2. Construction and Analysis of the Theoretical Mechanism of Dynamic Tensile Deformation

2.1. Building and Evaluation of Mechanical Model of Viscoelastic Response of Mold Material

This study used the axial tensile method as the basis of flexible mold microstructure shape control; therefore, under the fixed stress, the creep phenomenon may occur with the tensile time. This study used Maxwell, Kelvin–Voight, ModelA, and ModelB for modeling and discussion.

2.1.1. Maxwell Model and Kelvin–Voight Model Building

This study set the Maxwell and Kelvin–Voight models as the first series of construction and evaluation method for mold dynamic tensile mechanical properties [39], as shown in Figure 1a, in order to determine the exact geometric deformation size and variation of the cross microstructure mold of this study in the dynamic tensile process. Regarding the mold material mechanical properties for model building, the damper and spring were used as the basic modules for mechanical model building.

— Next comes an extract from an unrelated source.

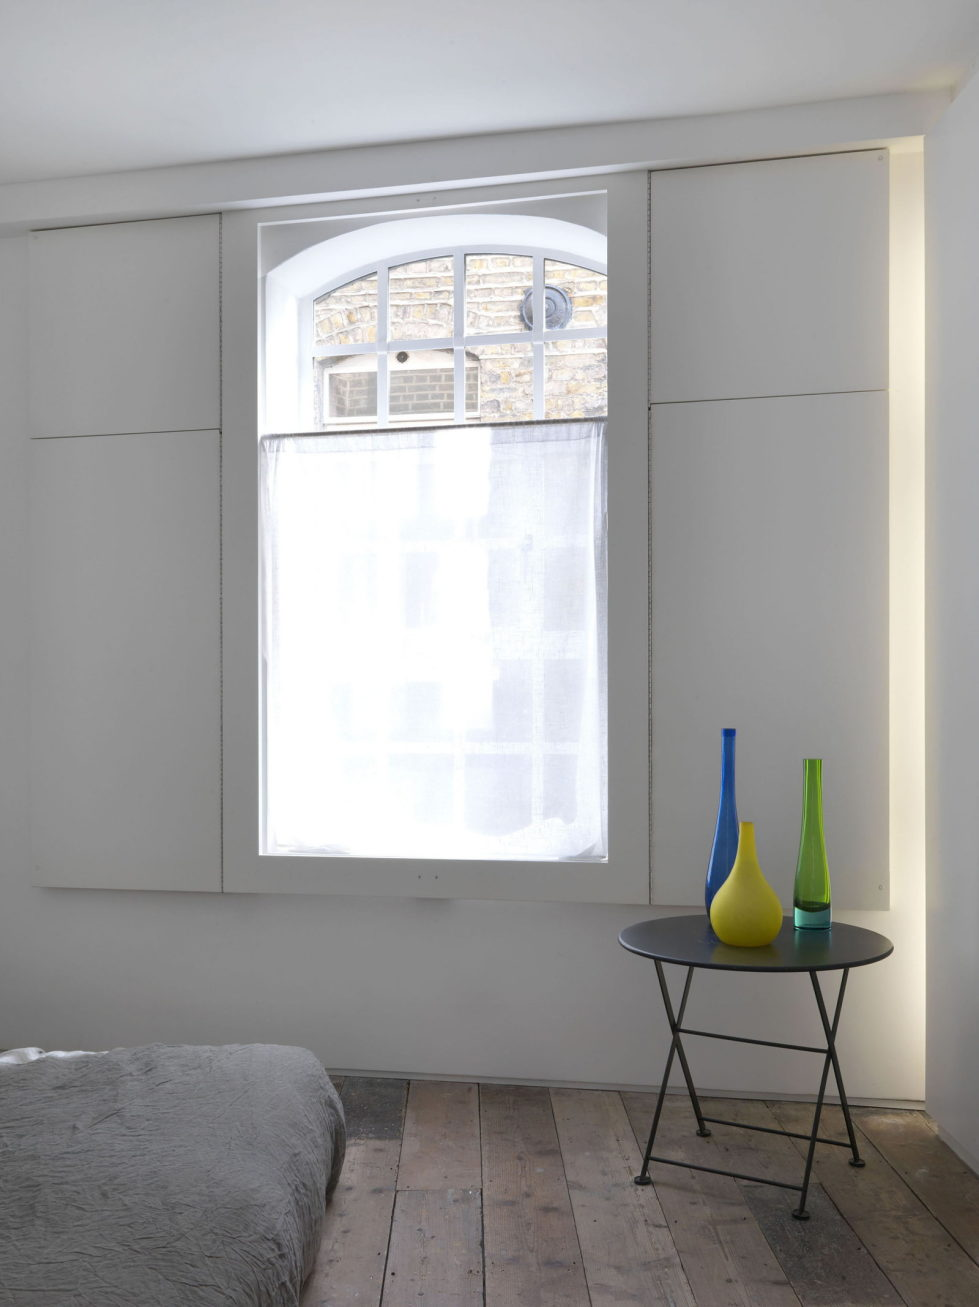 Loft - a warehouse in Bermondsey district - Bedroom decor

The total stress is expressed as Equation (1).

Maxwell model:

$$\mathsf{\sigma }={\mathrm{E}}_0{\epsilon }_e+\eta \left(\raisebox{1ex}{$d{\epsilon }_0$}\!\left/ \!\raisebox{-1ex}{$dt$}\right.\right)$$

(1)

Given the fixed tensile, the estimated tensile stress (σ) is fixed, and then

$$\raisebox{1ex}{$d\epsilon $}\!\left/ \!\raisebox{-1ex}{$dt$}\right.+\left(\raisebox{1ex}{$E$}\!\left/ \!\raisebox{-1ex}{$\eta $}\right.\right)\epsilon =\raisebox{1ex}{$1$}\!\left/ \!\raisebox{-1ex}{$\eta $}\right.\left(\frac{E_0+E}{E_0}\right){\sigma }_0$$

Let, ($\mathrm{k}=\raisebox{1ex}{$d$}\!\left/ \!\raisebox{-1ex}{$dt$}\right.$, $\mathrm{j}=\raisebox{1ex}{$E$}\!\left/ \!\raisebox{-1ex}{$\eta $}\right.$, $\mathrm{m},\mathrm{C}$ be constants)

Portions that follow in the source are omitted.